= Moritz Gudenus =

Moritz Gudenus (11 April 1596, Cassel — February 1680, Treffurt) was a German Catholic preacher and a convert to the Catholic faith from the Protestant ministry.

== Biography ==
Gudenus was a descendant of a Calvinist Gudenus family which had removed from Utrecht to Hesse. After attending school at Cassel he continued his studies at the University of Marburg, in which city he subsequently acted as deacon of the reformed church. He had held this position for less than two years, when a change of civil rulers resulted in the official substitution of Lutheranism for Calvinism at Marburg. Gudenus lost his office because of his refusal to adopt the Augsburg Confession. He returned to Cassel, was appointed assistant at Abterode, and in 1625 became pastor there.

The reading of Bellarmine's works revealed to him the Catholic doctrine in its true light, and after careful study he and his family were received into the Church in 1630. The conversion was made at the cost of considerable personal sacrifices. After a time of need and trials Gudenus was named high bailiff at Treffurt, a position which he held until his death.

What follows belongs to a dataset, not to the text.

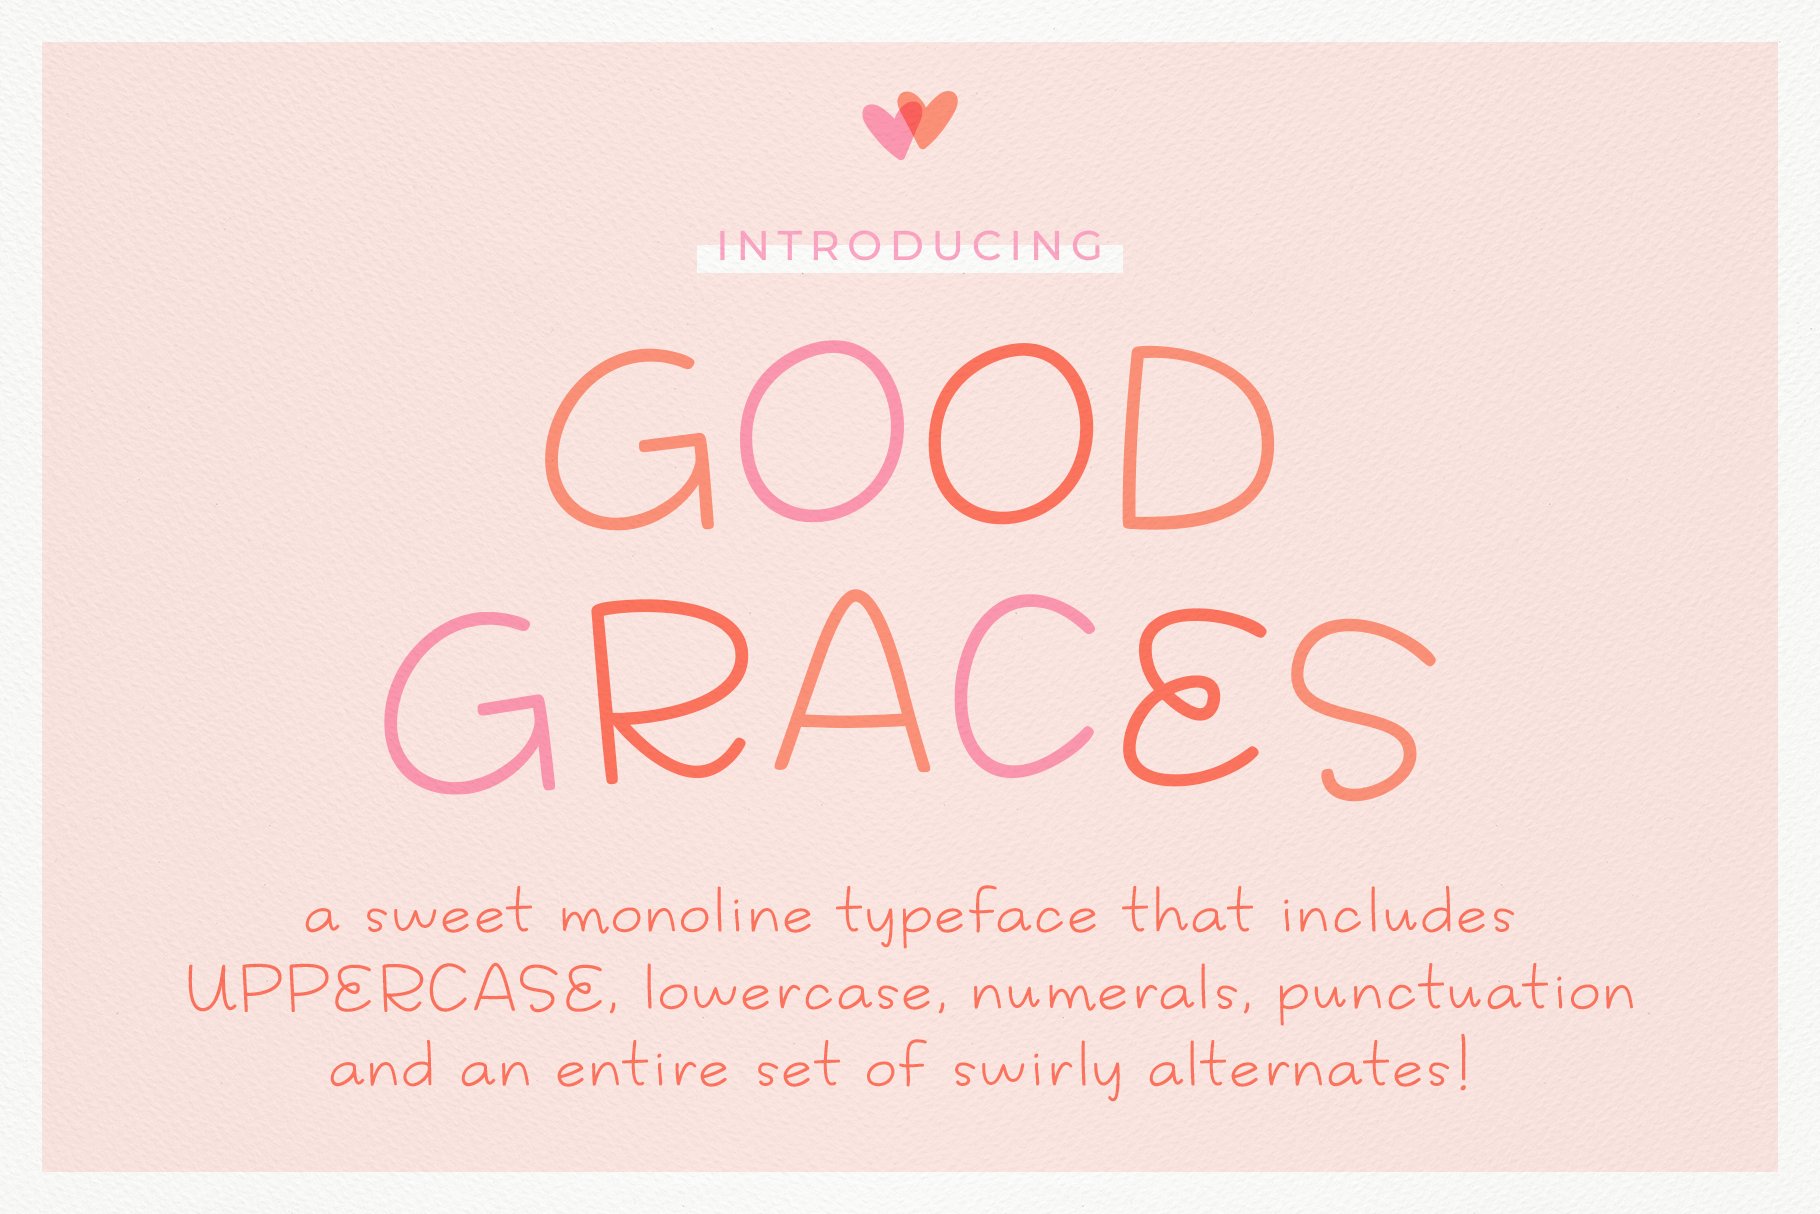 Good Graces |  a cute & playful font cover image.

His funeral panegyric was delivered by Herwig Boning, representative of the Archbishop of Mainz in the district of Eichsfeld and parish priest of Duderstadt. Boning included the panegyric in his edition of the works of Gudenus, which comprised a treatise on the Eucharist and two letters on the history of his conversion, one addressed to the Jesuits of Heiligenstadt, the other to his brother-in-law, Dr. Paul Stein: "Mensa Neophyti septem panibus instructa a cl. viro Dno. Mauritio Gudeno, electorali Moguntino praefecto in Trefurt p.m. sive ejusdem de sua ad fidem romano-catholicam conversione et divina erga se providentia narratio" (Duderstadt, 1686). Gudenus was survived by five sons, some of whom achieved distinction in ecclesiastical and academic circles. John Daniel became Auxiliary Bishop of Mainz; John Maurice, electoral and imperial counsellor and praetor at Erfurt, wrote a history of that city, "Historia Erfurtensis" (Duderstadt, 1675); Dr. John Christopher, who was diplomatic representative of the Archdiocese of Mainz at Vienna, and Dr. Urban Ferdinand, who occupied a university chair, became the founders of the two noble branches of the Gudenus family, which still flourish in Austria.

== Personal life ==
On 24 February 1623 he married Beata Stein (1602–1661). They had two sons:
- Johann Christoph, Reichsfreiherr und Edler Herr von Gudenus (1632–1705), progenitor of the elder line of the family
- Prof. Dr. med. Urban Ferdinand Gudenus (1634–1699), progenitor of the younger branch of Gudenus family

==Sources==

RASS, Convertiten, V (Freiburg, 1867), 366–81; BINDER in Kirchenlex., s. v.; Universal Lexikom, XI (Halle and Leipzig, 1735), 1212–13; KNESCHKE, Neues Allg. Deutsch. Adels-Lexikon, IV (Leipzig, 1863), 86–87.